If you finish writing the code above, then test the following muppets by putting each of them to `search`.


```
Big Bird
Cookie Monster
CookieMonster <- without space!
Zoe <- Zoe is not in muppets
```



### Exercise



Let's apply some of the things that we learned so far in the article below.

In [None]:
news = \
"""Johnson&Johnson said that it planned to apply for emergency authorization of the vaccine from the Food and Drug Administration as soon as next week, putting it on track to receive clearance later in February.
"This is the pandemic vaccine that can make a difference with a single dose," said Dr.Paul Stoffels, the chief scientific officer of Johnson&Johnson.
The company's announcement comes as the Biden administration is pushing to immunize Americans faster even with a tight vaccine supply. White House officials have been counting on Johnson&Johnson's vaccine to ease the shortfall. But the company may only have about seven million doses ready when the F.D.A. decides whether to authorize it, according to federal health officials familiar with its production, and about 30 million doses by early April."""

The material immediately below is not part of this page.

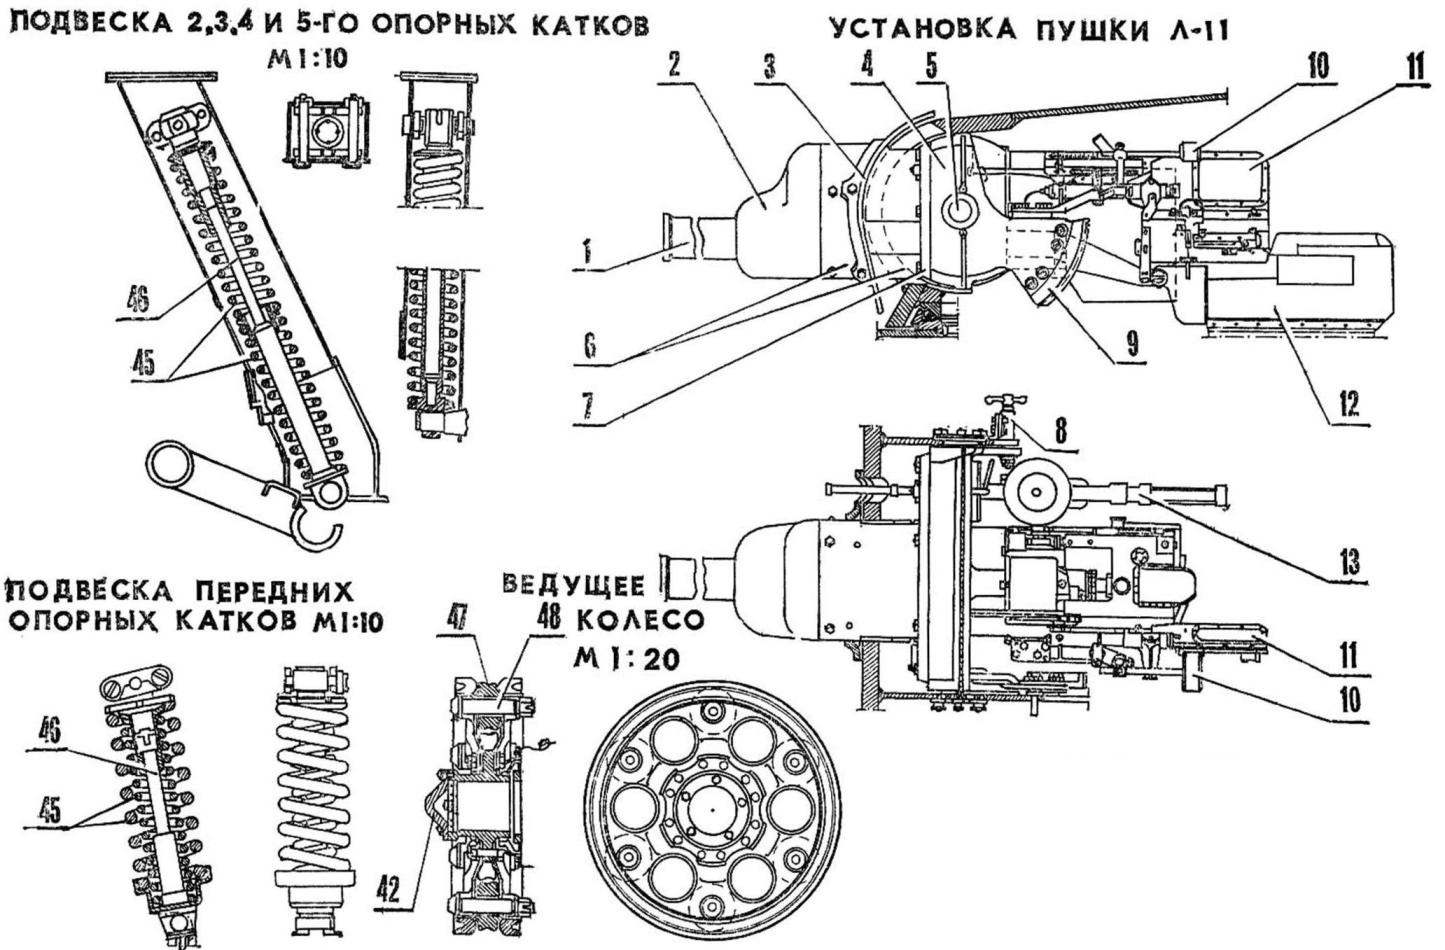 76-мм пушка Л-11 образца 1939 г.

* What is the length of the document above in characters?
  * Hint: What is the function that gives the length of a string?
* How many paragraphs in the abobe news? 
  * Hint: Paragraphs are divided by newline.
* What is the average length of a word in characters in the first paragraph?
  * Hint: Words are divided by space.

In [None]:
# Your code here

## Tuples (we will do if we have time)



A tuple is similar to a list and consists of a number of values separated by commas. For instance:

In [None]:
t = (12345, 54321, 54321, 'hello!')
print(t)

The usual slicing and indexing operators still apply:

In [None]:
print(t[3])

And similarly, we can use the `count` and `index` functions. 

In [None]:
t.index('hello!')

However, a tuple but is *immutable*. This means that we cannot modify its contents. So the other operators that modify a list do not apply to a tuple.

In [None]:
t[1] = 246 # This gives you an error. 

In [None]:
# Check here that you can change the element of a list by index-assignment.

Note: In many cases, tuples and lists can be used interchangeably. In this course we mainly use lists.